## INPUT RECORDS

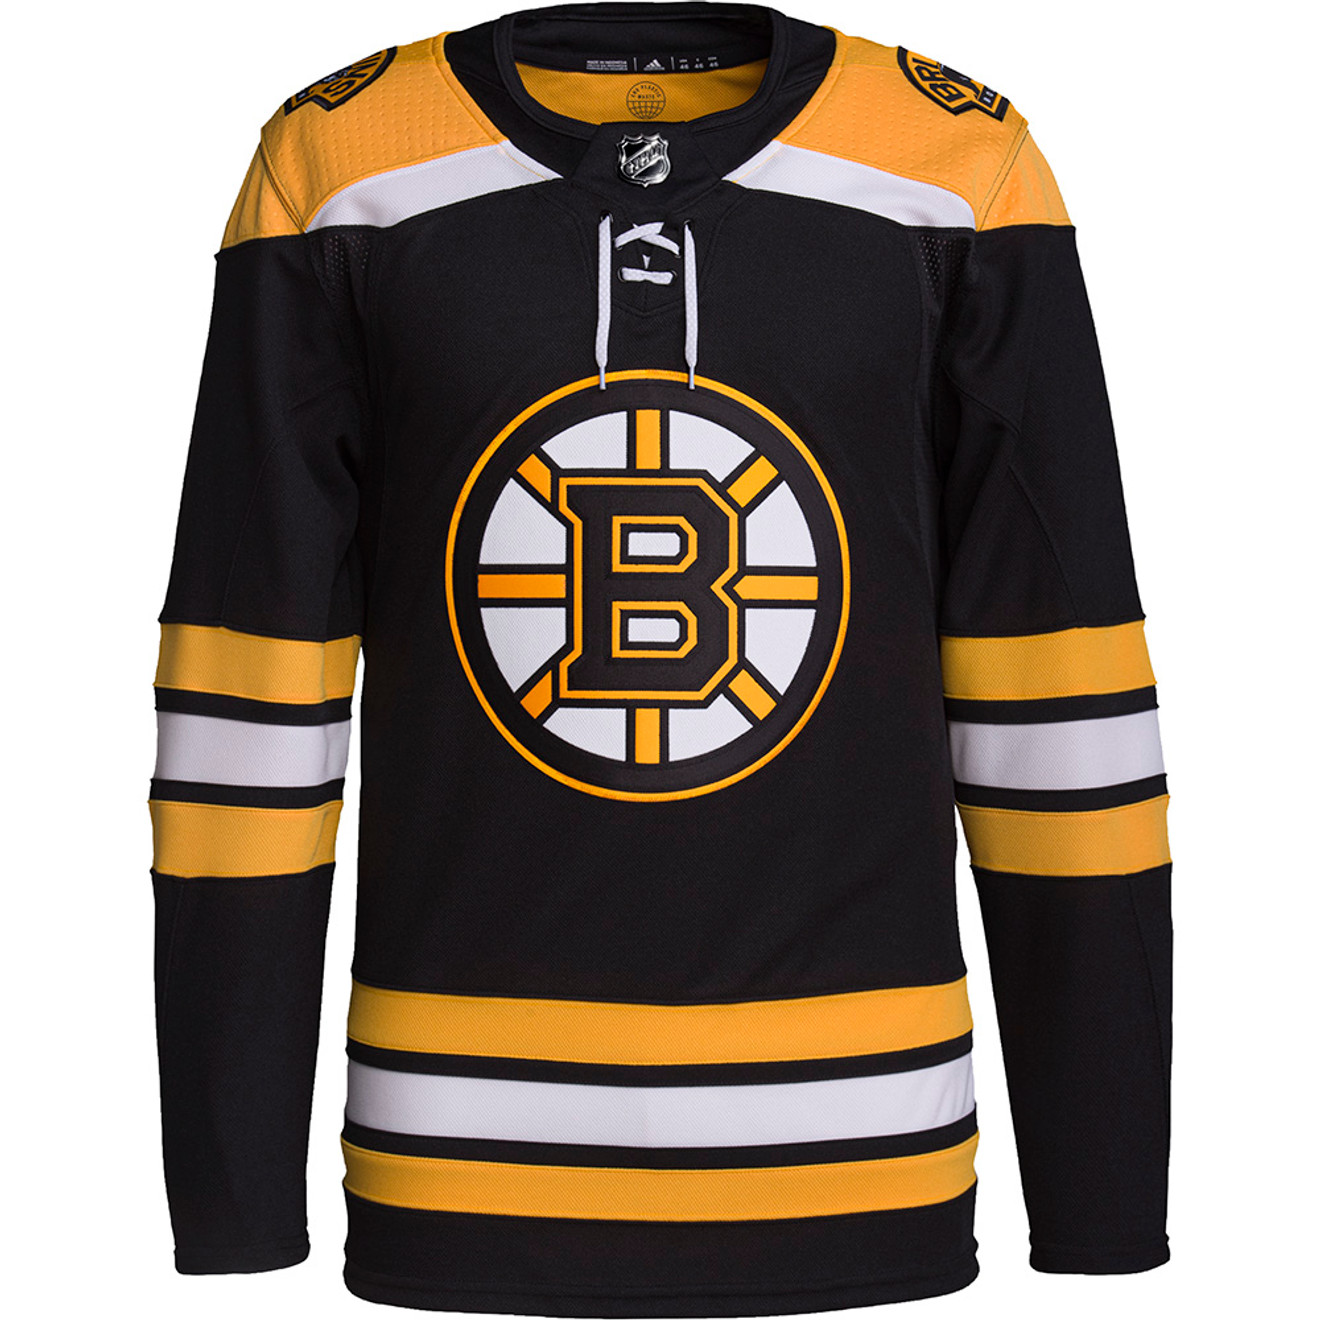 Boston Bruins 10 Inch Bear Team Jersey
...
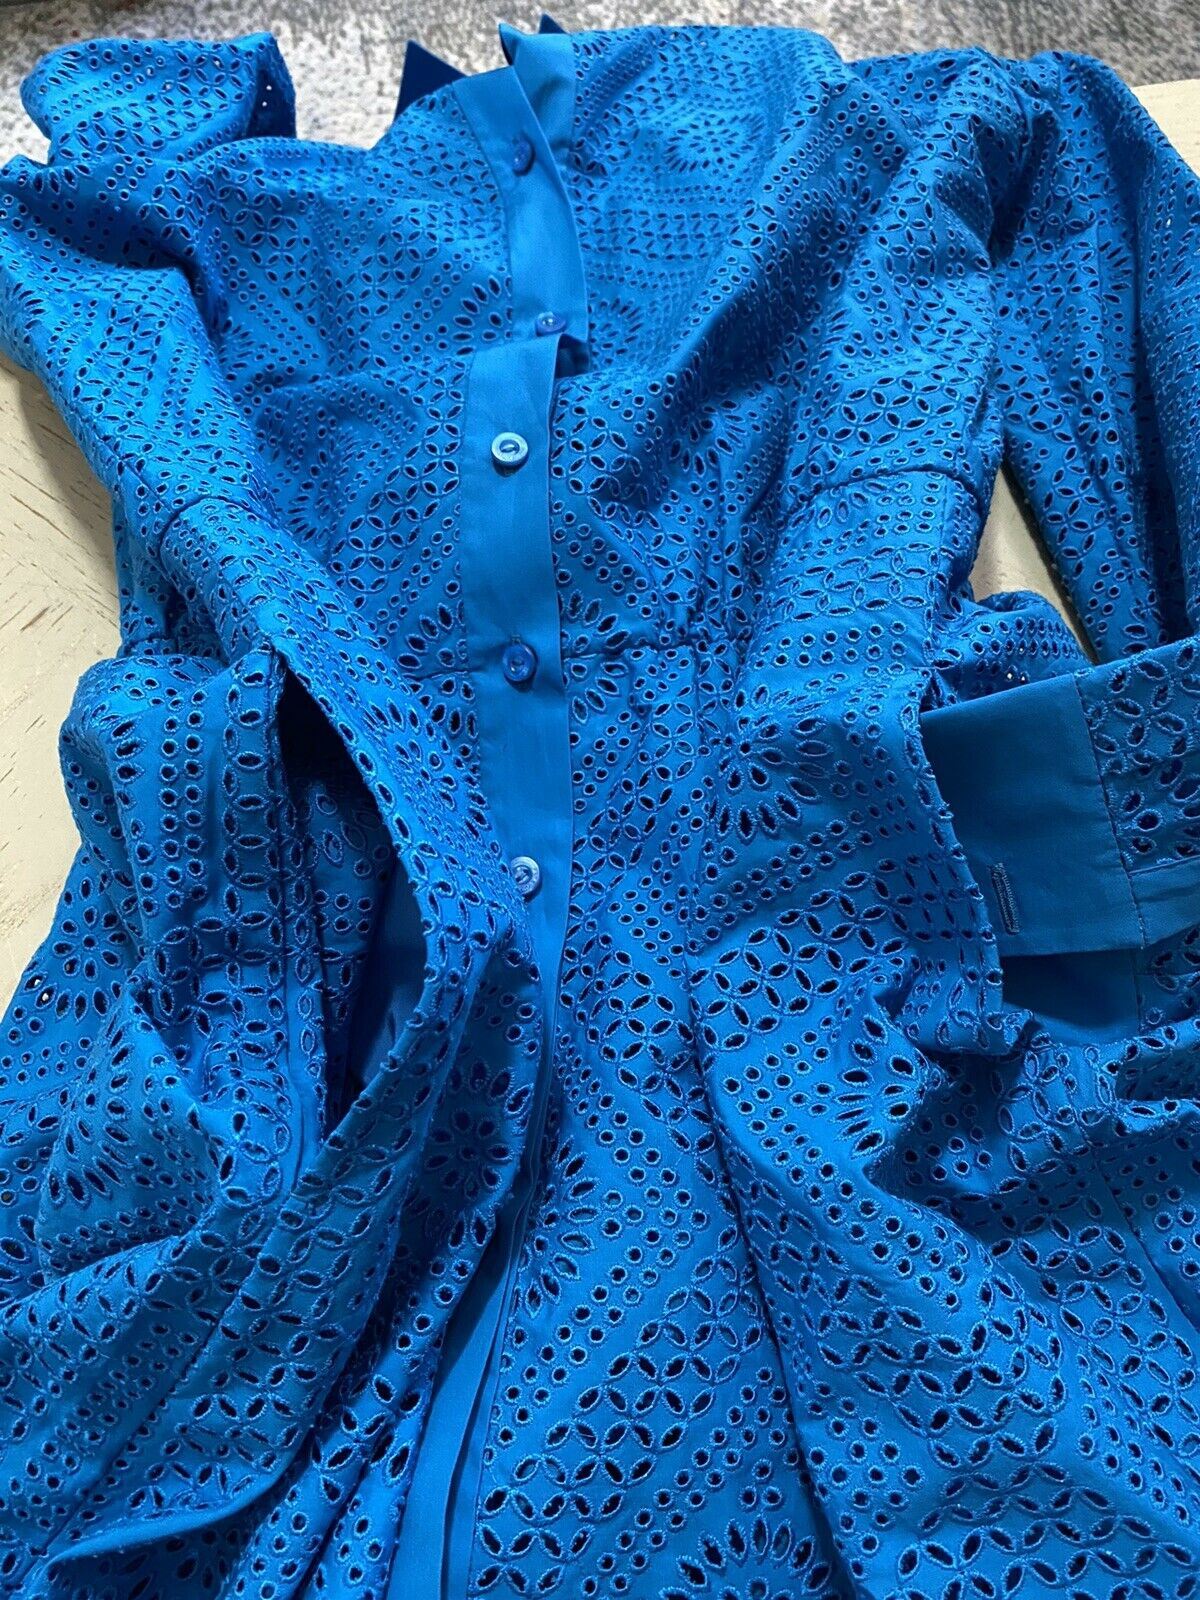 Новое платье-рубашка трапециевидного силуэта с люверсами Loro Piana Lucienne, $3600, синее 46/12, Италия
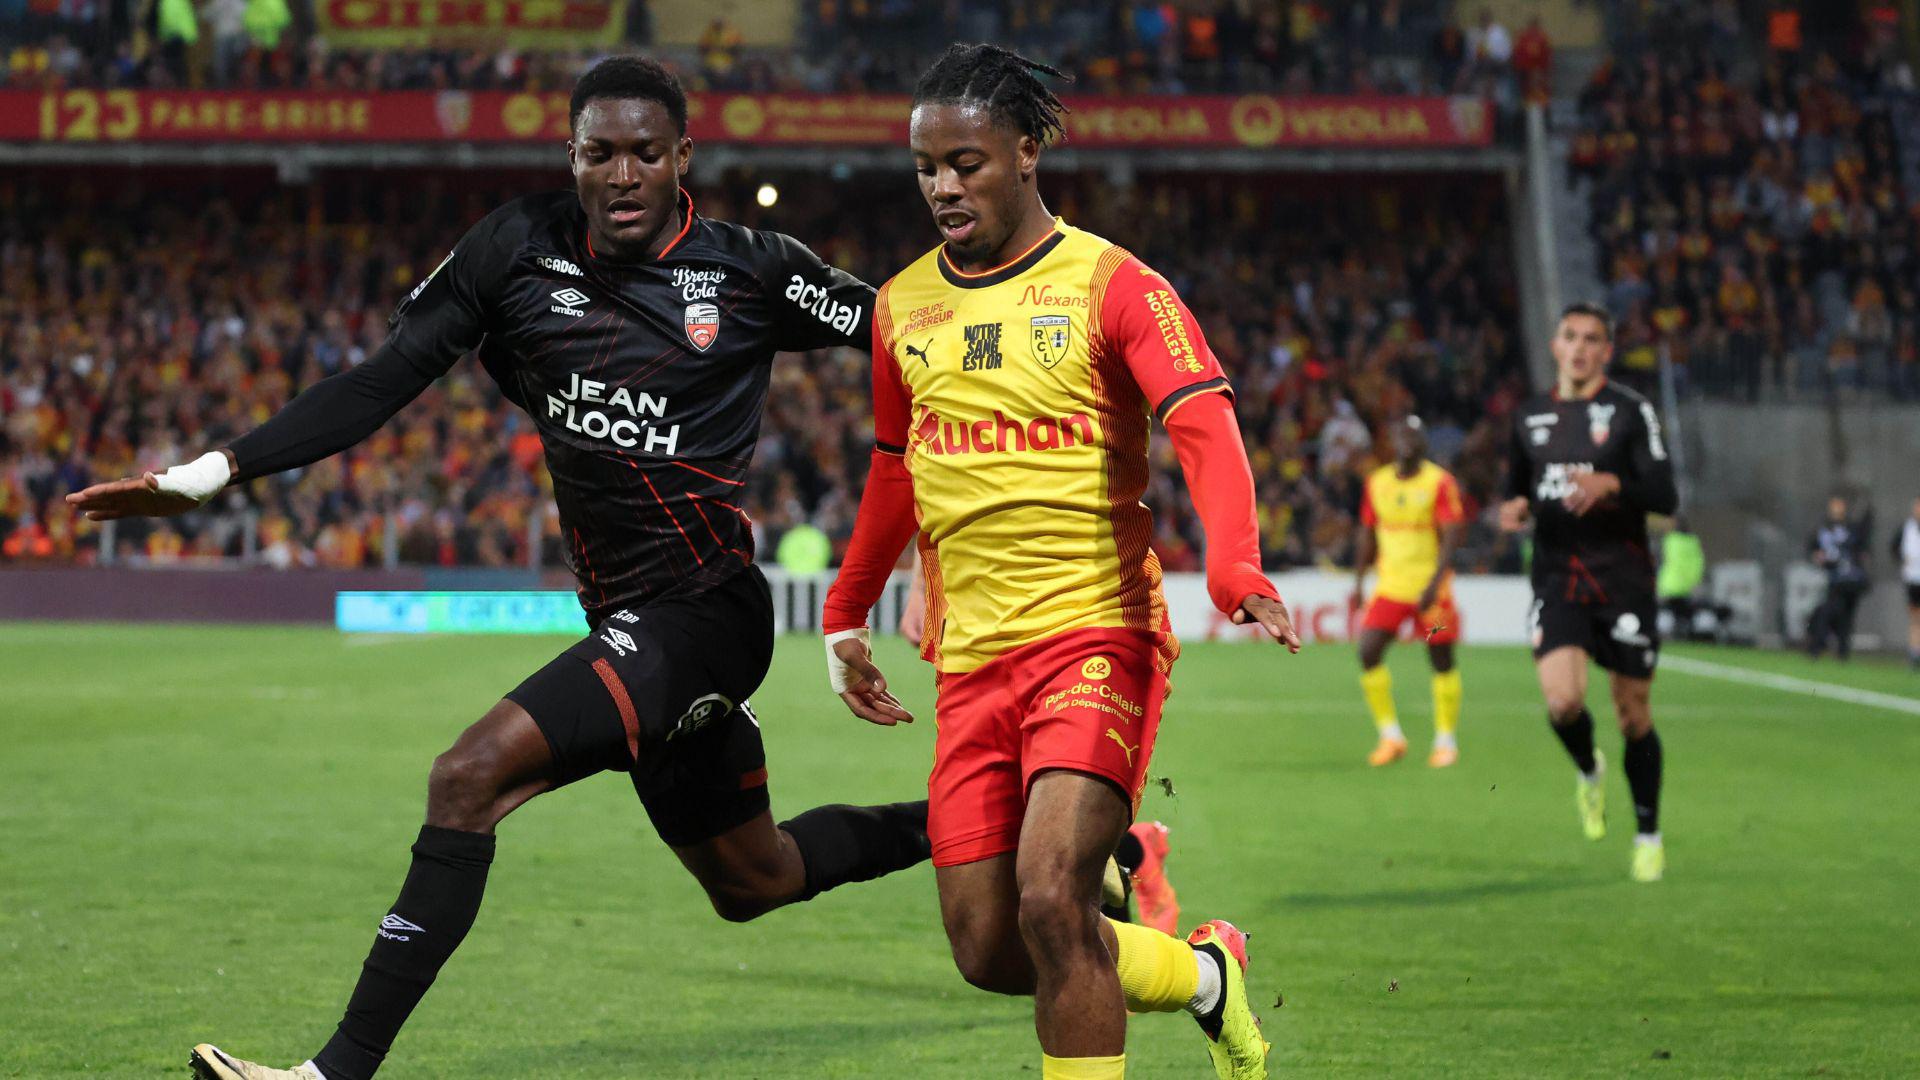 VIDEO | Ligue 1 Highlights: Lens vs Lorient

## HOW TO COMPLETE THIS TASK
Output exactly, and only, the lines of the entries above from the one with "Новое платье-рубашка трапециевидного" up to and including the one with "VIDEO | Ligue 1 Highlights: Lens vs Lorient"; pictures are to be left out.

## WRITTEN RESPONSE
 Новое платье-рубашка трапециевидного силуэта с люверсами Loro Piana Lucienne, $3600, синее 46/12, Италия
 VIDEO | Ligue 1 Highlights: Lens vs Lorient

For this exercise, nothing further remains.